I am going stir crazy. I remember that Jan. 11th, I was sawmilling. It's already been a *long* winter for me, it set in and has stayed. The next couple months are going to really drag by if we don't get some decent weather.


----------



## Big Dave (Sep 16, 2006)

You need to move your operation indoors.


----------



## JP Sinclair (Nov 13, 2006)

I started to on Saturday but it was pretty cold so I moved into the shop with the planer. Man, I love a heated shop. From all those years logging and having my butt frozen to a skidder seat for 8 hours a day, putting wood through a planer in just a sweatshirt is pretty nice 

I just tried some of the WM 7 degree winter blades for frozen wood, pretty impressive. I was into a 22 inch frozen spalted rock maple and they cut very nice.


----------



## TexasTimbers (Oct 17, 2006)

I ain't milling but not for the cold. Saturday morning I met my farmer friend and he showed up with his little gin pole truck. Said the loader was busy but the gin poles would do it. They did, but barely . . . . 
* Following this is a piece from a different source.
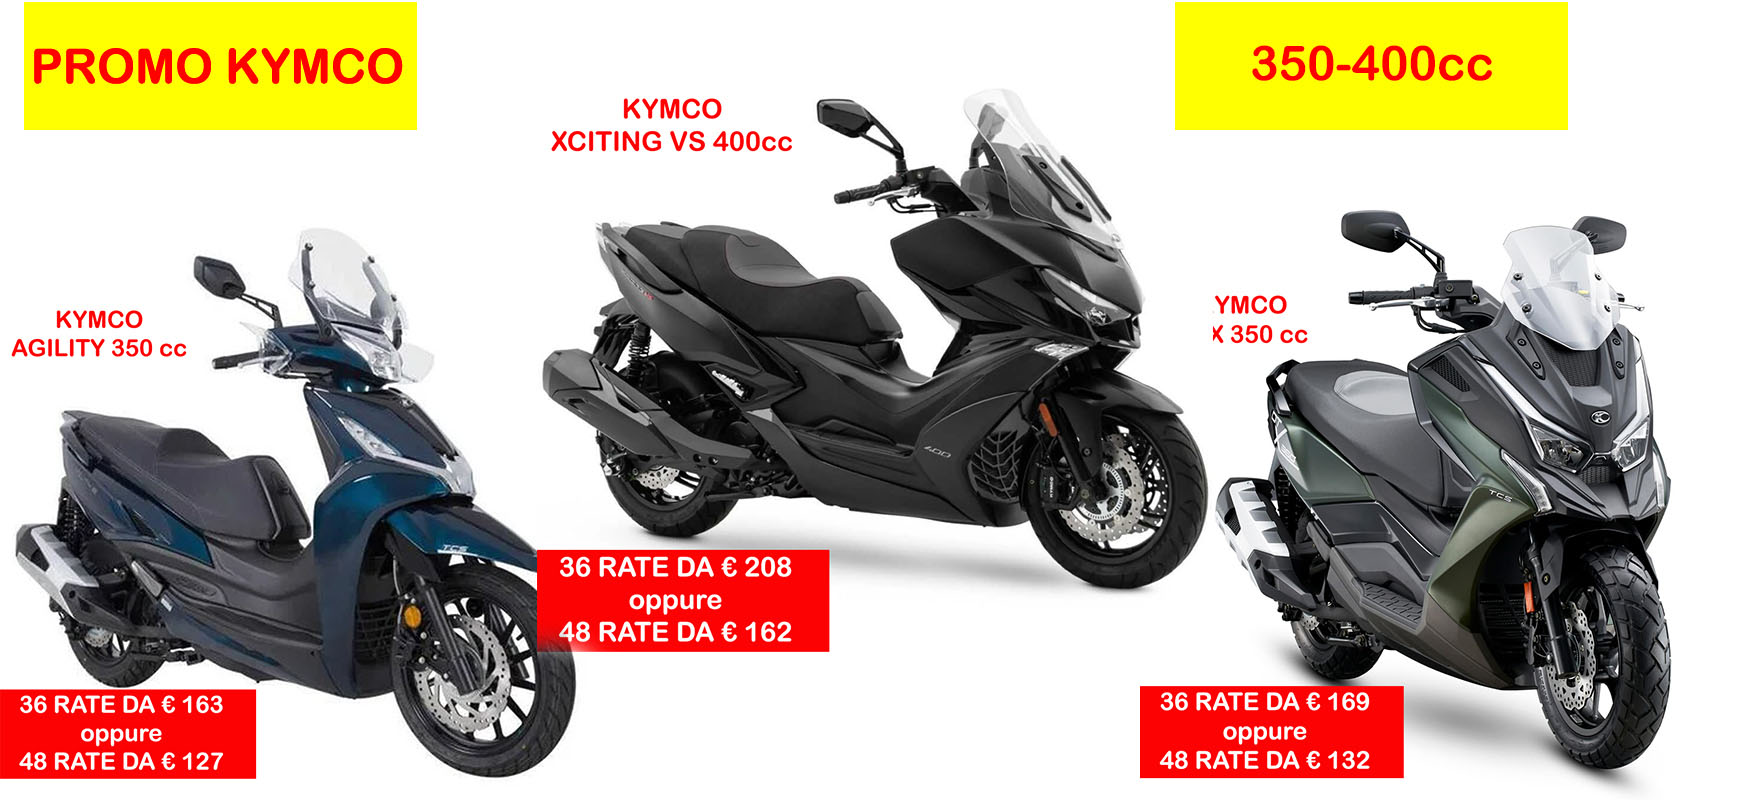 Promo Kymco Maggio 350-400cc

Haven't had time to remove the starter to check it but fixin to. Gonna get cold 2nite. 

But we don't have any room to complain about cold. When I checked orders this a.m. one jumped out at me so I Googled it. When you feel cold fellas, just think of this guy woodworking in his little igloo. Zoom out to get a good idea of where he is.


----------



## mdlbldrmatt135 (Dec 6, 2006)

TexasTimbers said:


> But we don't have any room to complain about cold. When I checked orders this a.m. one jumped out at me so I Googled it. When you feel cold fellas, just think of this guy woodworking in his little igloo. Zoom out to get a good idea of where he is.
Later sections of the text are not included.